Excavated secondary Cardo at back of Kotel Plaza. Arches are entrances to what were once small shops..
Photo: Yehudit Reishtein
When the archeologists did start work in the this part of the Kotel Plaza, they found remains and artifacts from the First Temple period through the 12th century. They determined that this part of Jerusalem had been an administrative and commercial center. Government functionaries and merchants worked here long before the Romans came to this side of the Mediterranean, and even before the Babylonians conquered Jerusalem.
Today, before you can build anything or open a business, you need official approvals at many steps along the way, in the form of stamps and signatures. So it was in ancient times. Their stamps were made of clay, which made an impression on soft wax seals to indicate official approval. These clay stamps are called bullae, and hundreds of them were found in this excavation, primarily in the remains of a four room house built in typical First Temple period style.
When the First Temple stood, Jewish names usually included G-d’s name. Often the name ended with “-el” or “-yahu,” (Hebrew words for G-d), and many of the bullae were inscribed with such names.
Among other artifacts, excavators found a signet ring bearing the name Netanyahu ben Yoash. All artifacts found in archaeological digs belong by law to the Israel Antiquities Authority (IAA), but the authority has lent this ring to the current Prime Minister, Benjamin
Clay seal from 8th century BCE with name “Netanyahu” in ancient Hebrew writing. Photo: Israel Antiquities Authority
Netanyahu. He is said to keep it with him at all times. When challenged about Jewish rights in Israel, he pulls this bulla from his pocket as proof that Jews lived and worked here in Jerusalem over 2500 years ago. In showing this ring, Netanyahu is not trying to prove that his personal lineage in the land of Israel has been continuous since First Temple times. I’m sure he is well aware that his father changed the family name to Netanyahu. Rather, he is saying that Jews, carrying names that are still used by today’s Israelis, have been present in the land, and particularly in Jerusalem, for all this time.
While walking around the excavated area in the Kotel Plaza, I noticed some round holes in the stone pavement. They were the size of a large mixing bowl or a wash basin. Because they were cut into the stone of the street, they could not have been used for cooking, and because they were open to the air they would not have been used for water storage. I wondered if they had been used for dying cloth, but then rejected the idea. I was about to ask when the guide preempted my question.
“Did you see those round holes full of water? What do you think they are?”
No one answered him.
“These holes are much later than the street itself. They were used for dye. Cloth dying was always a trade practiced by Jews in Jerusalem. When Moses Maimonides came to Jerusalem in the 12th century, the only Jews he found in the city were dyers.”

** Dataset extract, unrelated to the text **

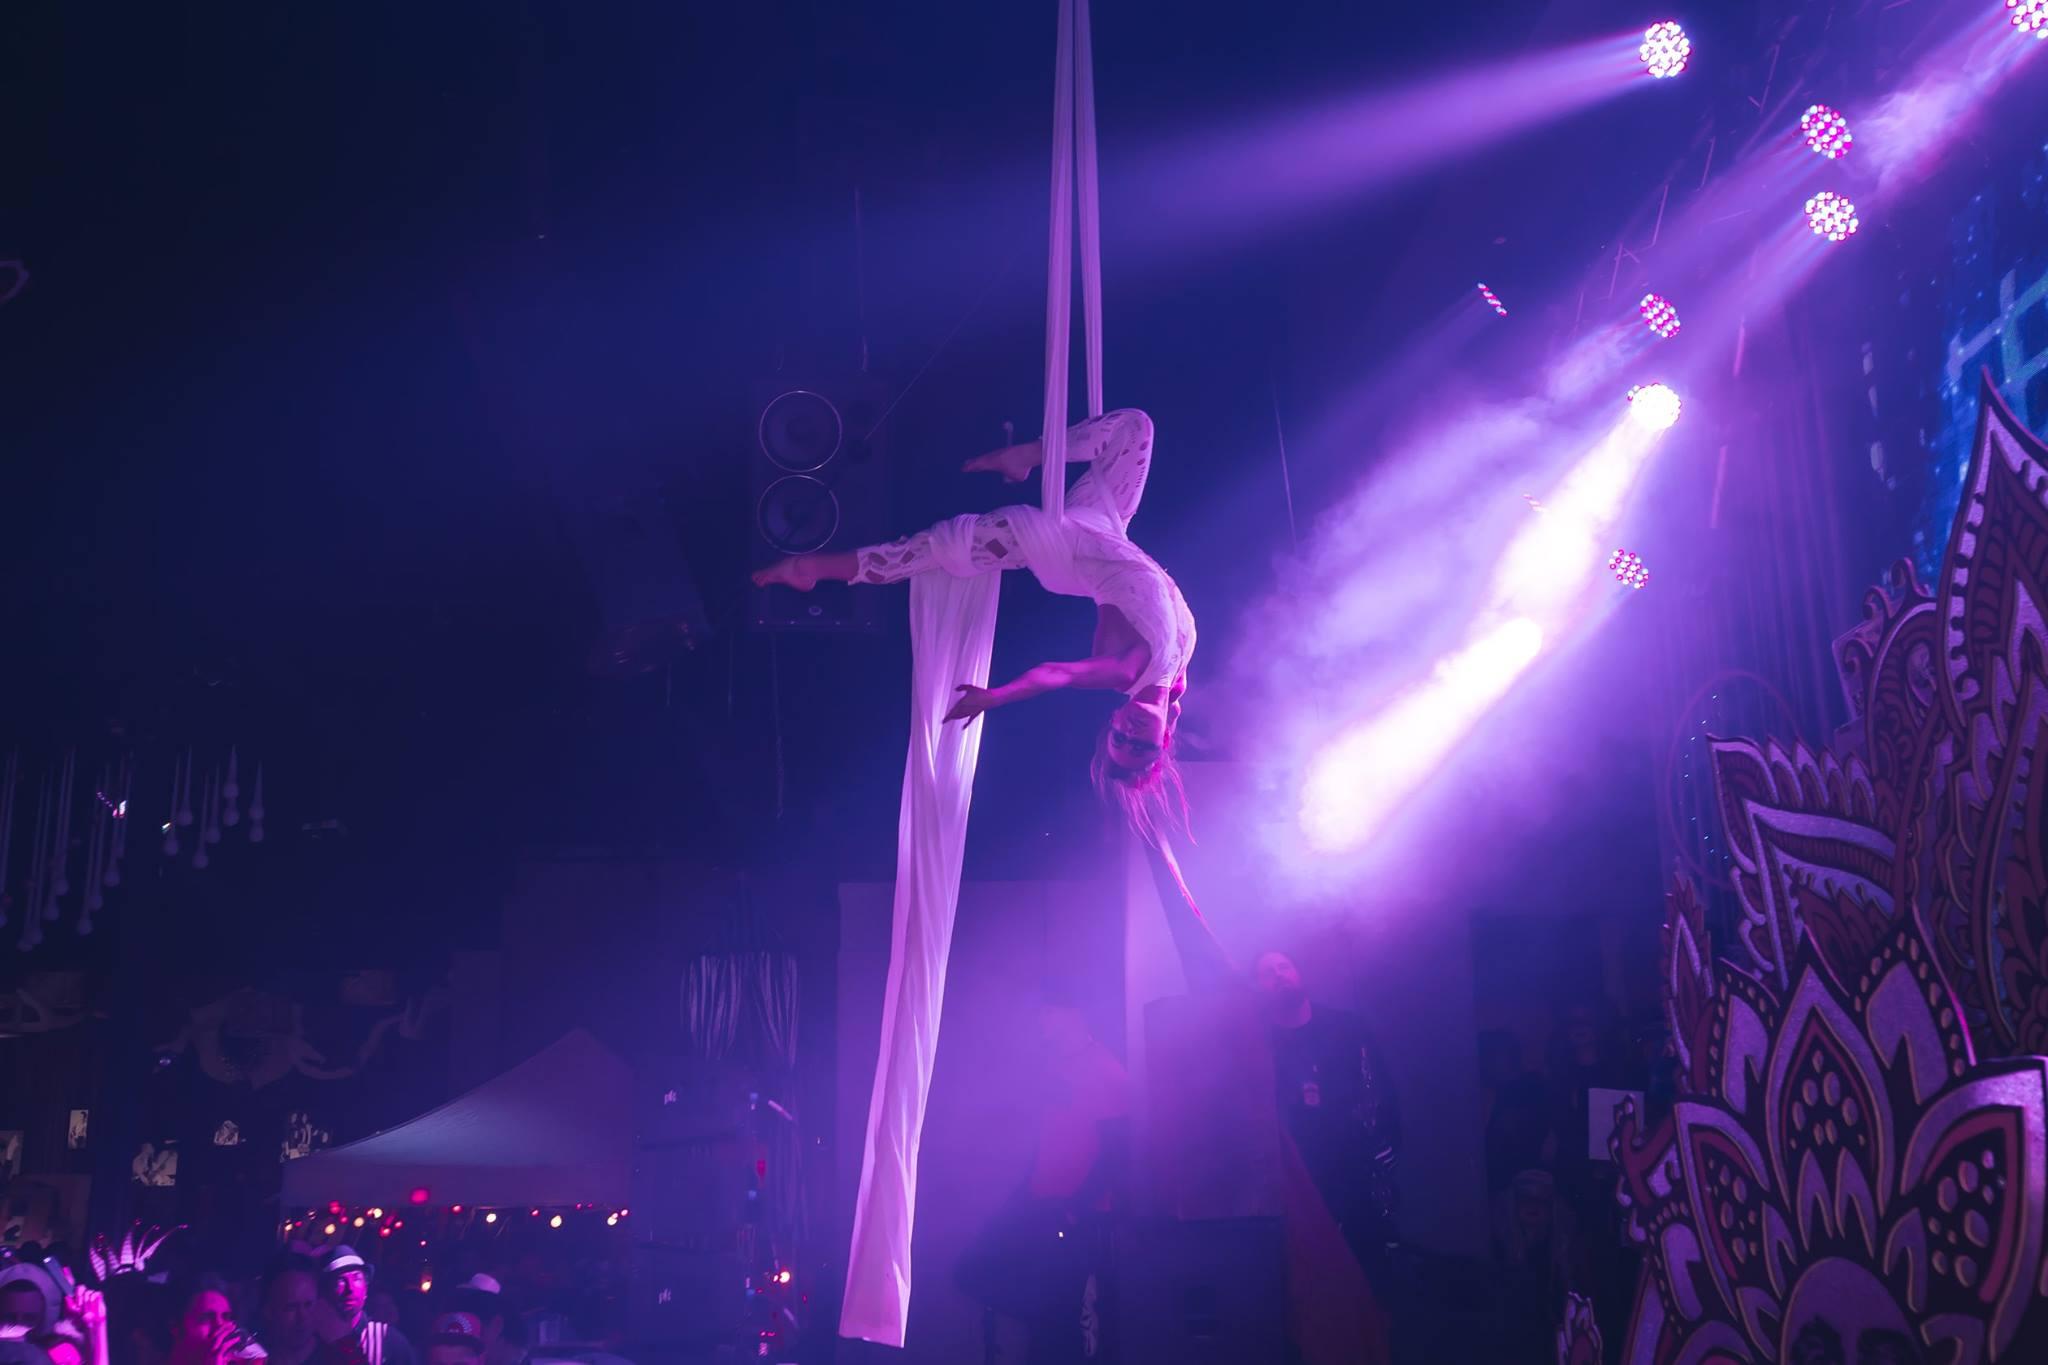 Photo from FreQ Magazine, Cirque de la Nuit's Musique, 2017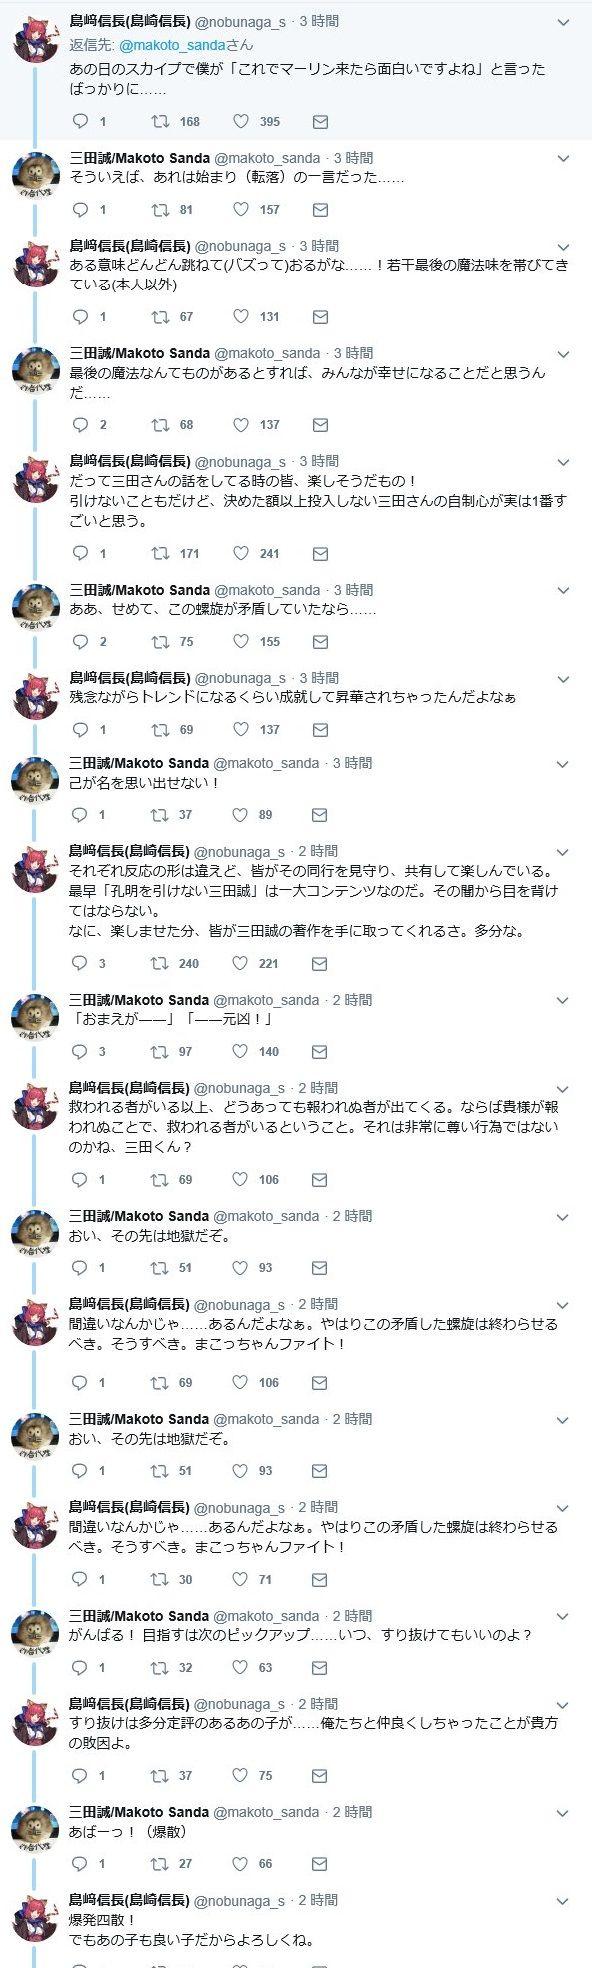 FGO 島崎信長 三田誠 ツイッター ガチャ 爆死 煽り 炎上に関連した画像-02

Despite the Crusaders having banned Jews from the city, two Jewish dyers lived in Jerusalem in the late 1100s. Even in times when the authorities tried to keep Jews away from their holy places, the economic needs of the inhabitants could override their edicts. For the sake of clothes in nice colors, Jewish dyers were allowed to lived and work in Jerusalem.
I have visited the Kotel Plaza at least a hundred times, but I never realized so many additional links to our history were found under and around it. Discovering such unexpected links in what I felt were familiar places is one of the many things I love about living in Jerusalem.